Income volatility from young to middle adulthood predicts worse midlife cognition, but its impact on cognitive decline is unknown. Examining this association in a single cohort is difficult: few studies span early-adulthood to later-life, and those that do lack detailed, repeated, and prospective data on finances and cognition. To fill this gap, we created a synthetic cohort by linking two US national cohorts of baby boomers: the National Longitudinal Survey of Youth 1979 (NLSY79) and the mid-Baby Boomer Health and Retirement Study (HRS) subcohort. In NLSY79, we defined income volatility as the number of income drops >25% between successive surveys from 1990-2010 (0 vs. 1, 2, ≥3). In the HRS, we examined memory function every 2 years from 2010-2020 via a composite score that incorporated direct and proxy assessments.
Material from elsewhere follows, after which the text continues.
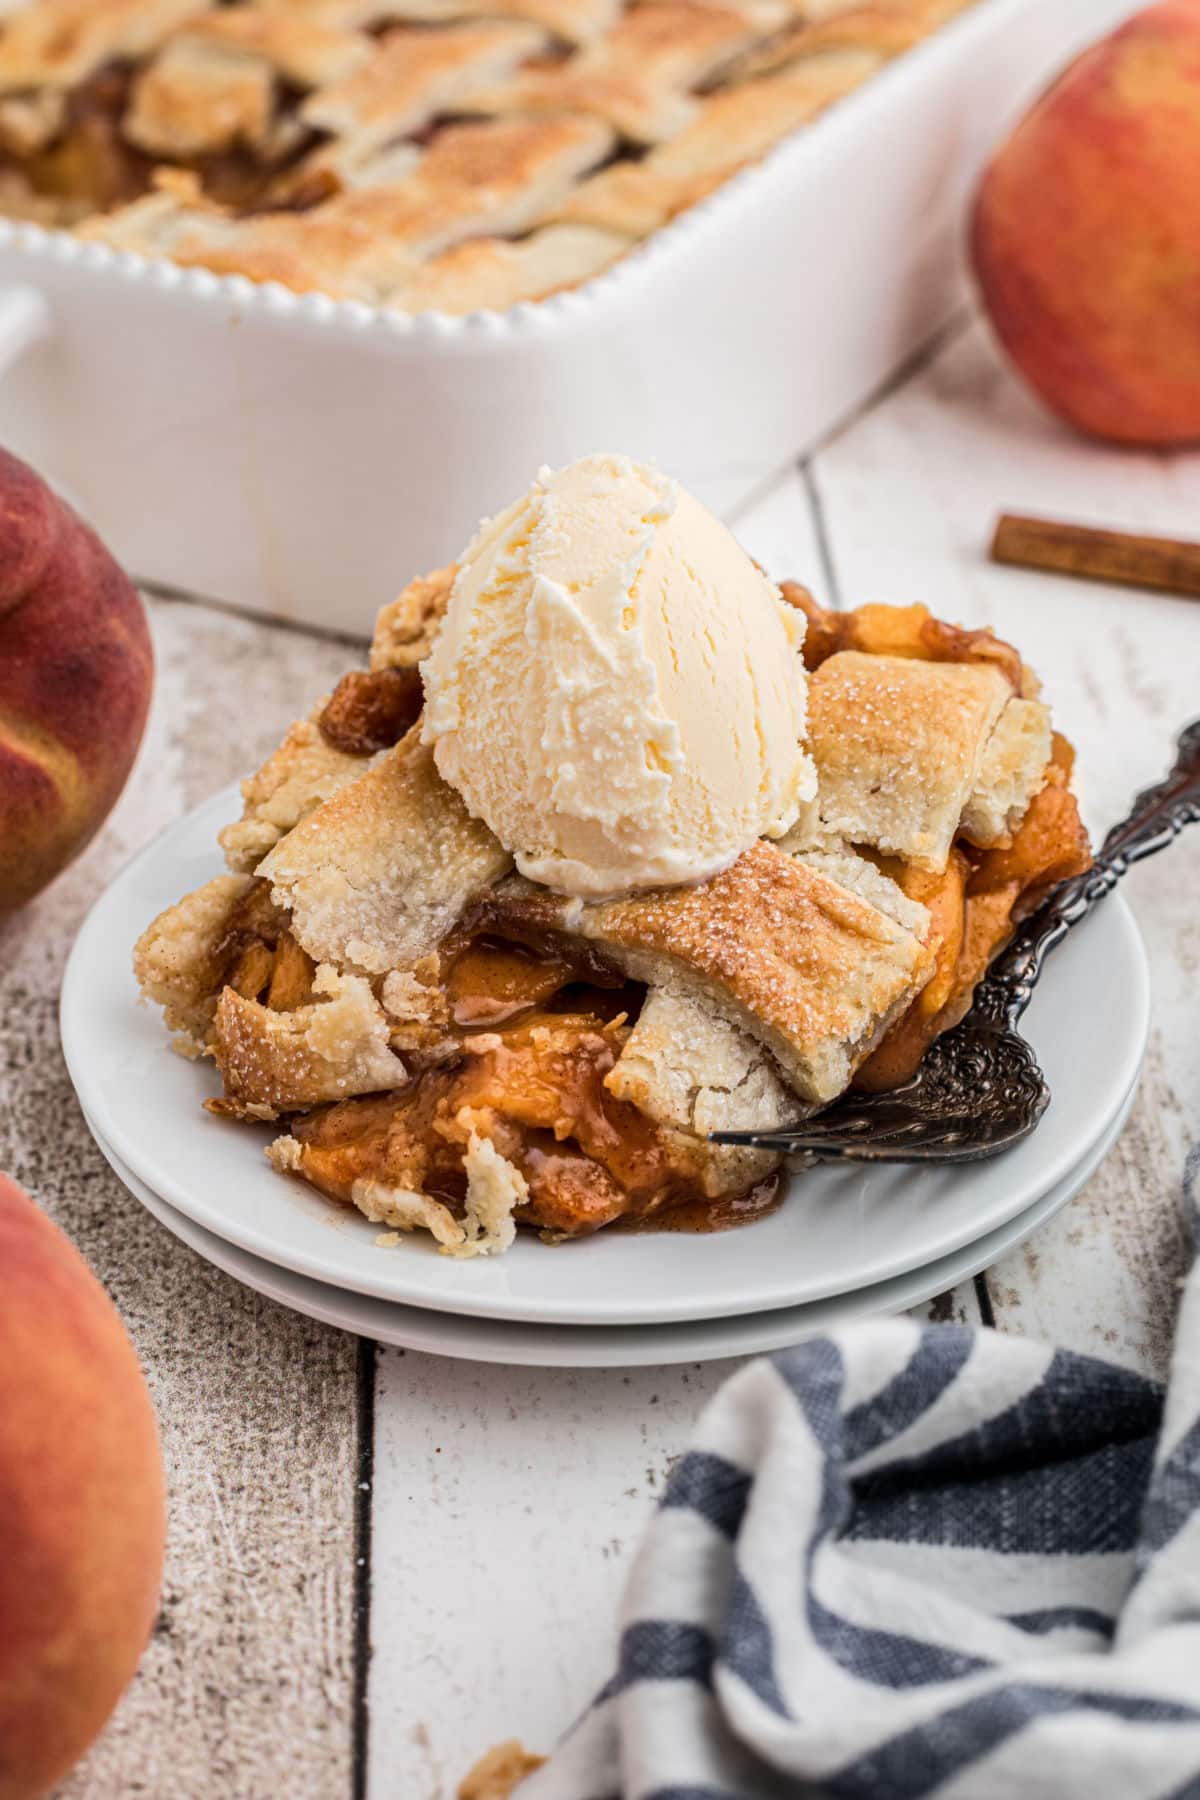 Dished out plate of southern peach cobbler with pie crust, and a scoop of ice cream on top.

To create the synthetic cohort, each HRS participant was matched to and assigned the income volatility history of their 20 most similar NLSY79 counterparts based on the following matching variables measured in 2010 (when age~50 in each cohort) and harmonized: family income, memory score, education, age, sex, race/ethnicity, parental education, employer-provided health insurance, age first married, marital status, wealth, self-rated health, and chronic health conditions. Each of the 20 pairs for a given HRS participant was redistributed into 1 of 20 analytic datasets. In each dataset, we used confounder-adjusted linear mixed models to estimate the effect of income drops on 10-year memory decline, pooling results across datasets using Rubin’s Rules. In the synthetic cohort, experiencing more income drops was associated with faster memory decline in a dose-response fashion (β1_v_0_drops=-0.0015, 95% CI: -0.005, 0.002; β2_v_0_drops=-0.0035, 95% CI: -0.007, -0.0003; β3_v_0_drops=-0.0065, 95% CI: -0.009, -0.004). The synthetic cohort approach allowed evaluation of a novel question, but its validity depends on strong assumptions about matching across cohorts.